Я вернулся в Гарвард в качестве кандидата на получение докторской степени по философии в сентябре 1911 года, когда мне было почти семнадцать лет. Период между 1911 годом и завершением мною докторантуры был периодом, когда в Гарварде на отделении философии работали выдающиеся ученые, и хотя Уильяма Джеймса уже не было среди живущих, Ройс, Палмер, Мюнстерберг и Сантаяна все еще были живы и по-прежнему активны.
В первый год моего обучения я поступил на курс Сантаяны. Я мало что помню о содержании курса, зато хорошо помню его атмосферу. Ощущение непрерывной связи со старой культурой и ощущение того, что философия является неотъемлемой частью жизни, искусства и духа приносили мне огромное удовлетворение; и все же, теперь, когда прошло столько лет, я не могу указать на какую-либо определенную идею, с которой я познакомился на этом курсе.
Когда я оглядываюсь назад, я сознаю, что курсы Палмера также мало что мне дали. Это были лекционные курсы, и насколько я помню, на них рассматривалась традиционная философия английской школы. То, что я помню о Палмере, так это его сдержанность и мягкий характер, слегка склонившийся вперед под грузом прожитых лет, он все еще горел желанием вдохновлять молодых студентов на создание новых идей и на преодоление их природной застенчивости.
Ральф Бартон Перри был главным из тех, кто с радостью принял меня в студенты по просьбе моего отца.

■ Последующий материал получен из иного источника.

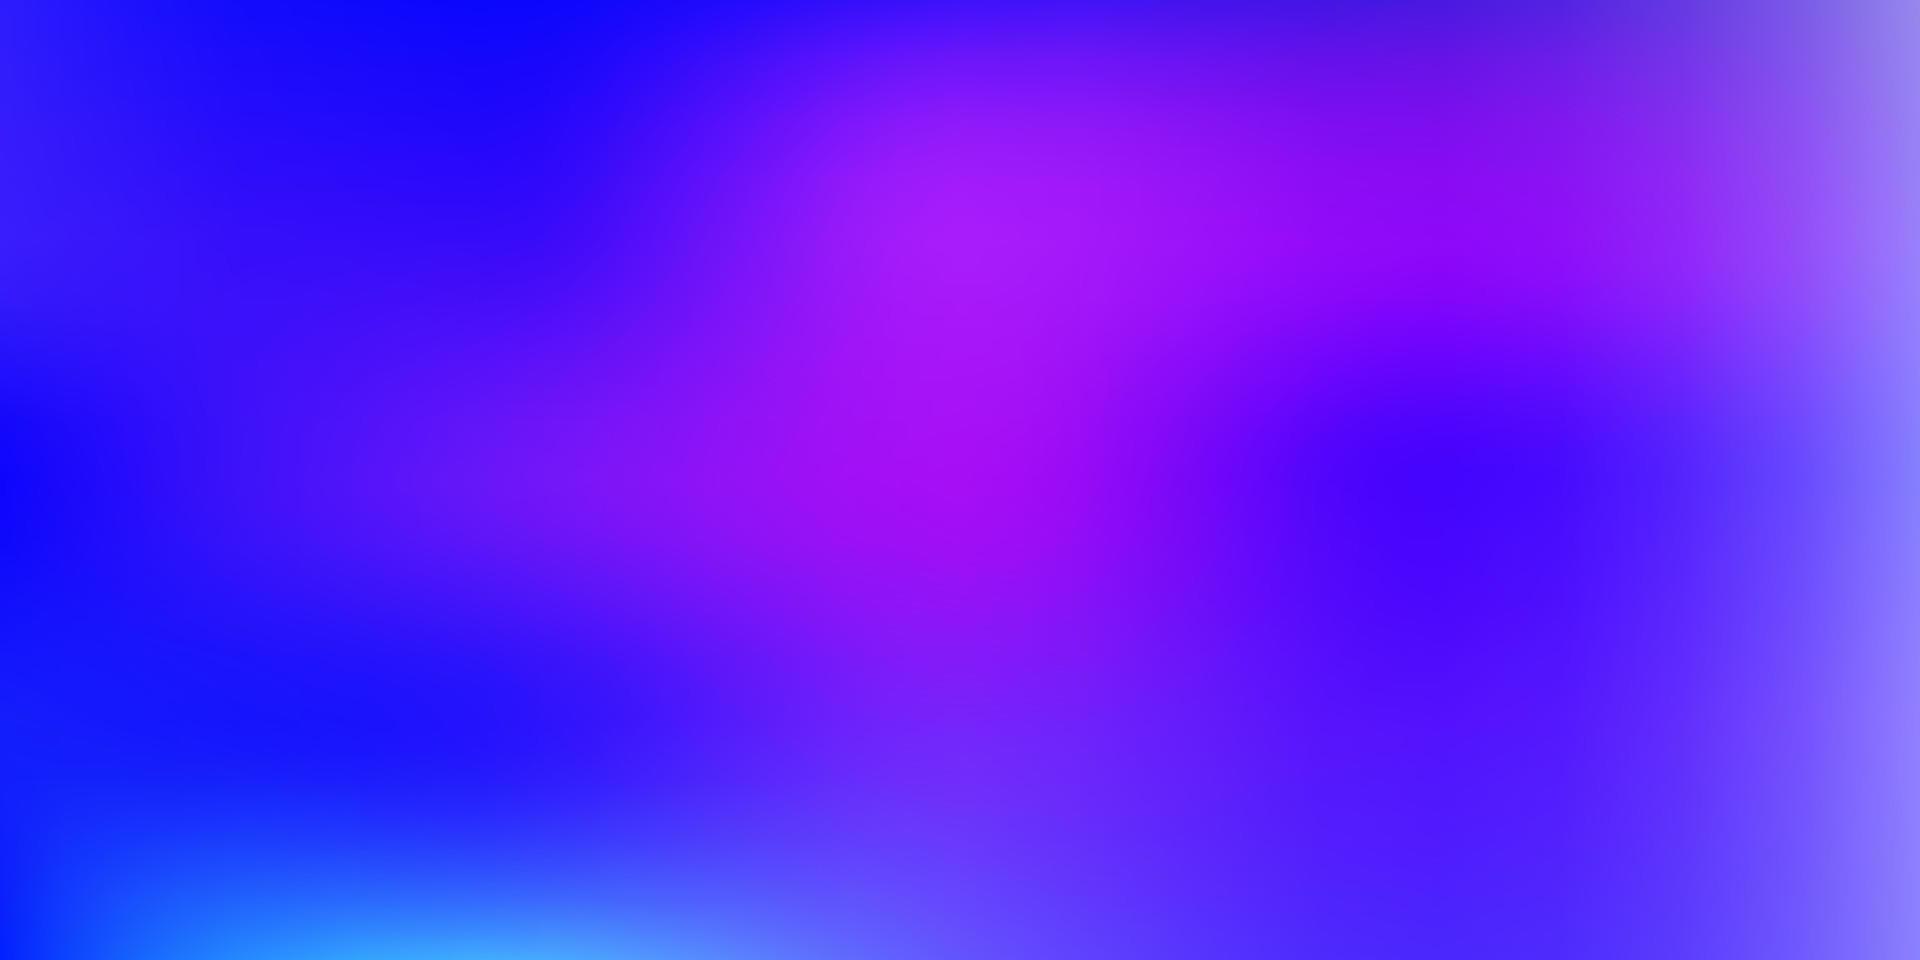 ljusrosa, blå vektor gradient oskärpa ritning.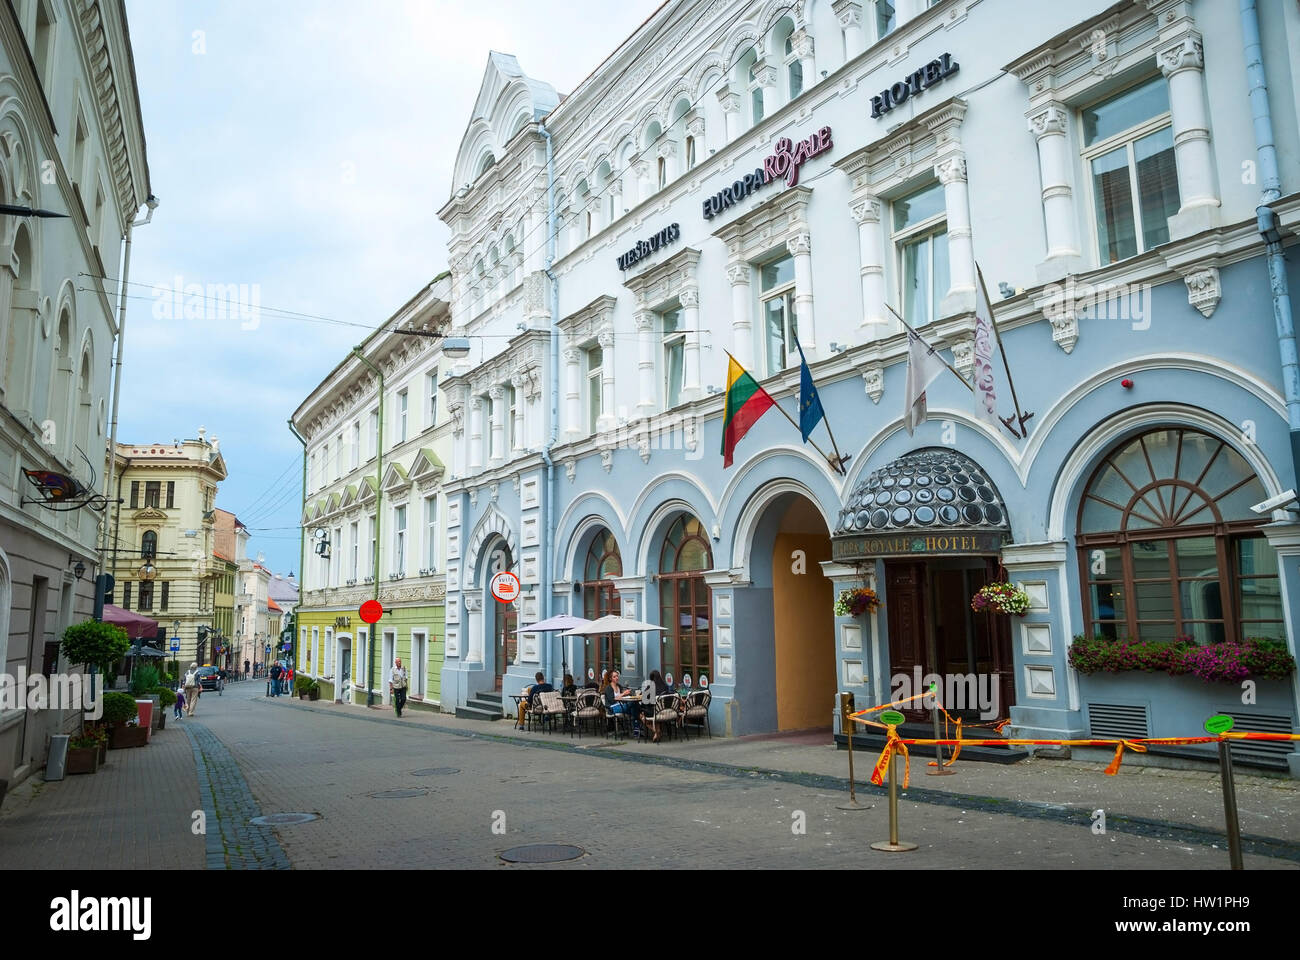 VILNIUS, LITUANIE - 8 juillet : extérieur du bâtiment de l'hôtel bleu et blanc, dans la vieille ville de Vilnius. Juillet 205. Banque D'Images

Он и Хольт, психолог, наряду с пятью или шестью другими учеными являлись авторами популярного в то время манифеста, известного как «новый реализм». Он содержал в себе смесь из отголосков прагматизма Джеймса и неких идей, аналогичных тем, что были высказаны в работе англичан Бертрана Рассела и Г. Э. Мура, и представлял собою протест против идеализма, который провозглашал, что реальность существует лишь в сознании и определяется его активностью. Само по себе это вполне вероятно, и все же, я помню, что основное впечатление, которое он произвел на меня, это невыносимая претенциозность и безосновательность. Один из авторов дошел до того, что попытался обосновать свои идеи, используя математическую логику, и в его обосновании практически каждое слово обнаруживало неправильное понимание терминов. С литературной точки зрения сочинение было написано в глупо-самодовольном стиле. Тем не менее, я помню Хольта как умного и очаровательного человека, как опытного полемиста в рамках его семинара, а Перри был одним из великих и достойных представителей американского либерализма.
Я дважды и совершенно по-разному столкнулся с Джосайя Ройсом. В первый раз это было на его курсе по математической логике. Хотя я не считаю, что его вклад в математическую логику велик, тем не менее, именно он познакомил меня с этим предметом. Ройс был многосторонней личностью. Он появился в научном мире в критический период, когда стали высыхать старые источники философской мысли, и в жизнь стали прорываться новые научные идеи. Математическая логика в том, как он ее преподносил, указывала на несомненно умного человека, слишком поздно пришедшего в новую область, чтобы овладеть ею в совершенстве.
На семинарах Ройса по научному методу, который я посещал в течение двух лет и который дал мне все самое ценное, что я когда-либо получал в процессе обучения, так же было заметно его раздвоение между прошлым и будущим. Ройс с удовольствием включал в эту маленькую группу любого думающего студента, выполнявшего обоснованную рабочую программу и умевшего хорошо выражать свои мысли относительно методов, посредством которых он пришел к этим своим идеям и относительно их философской значимости.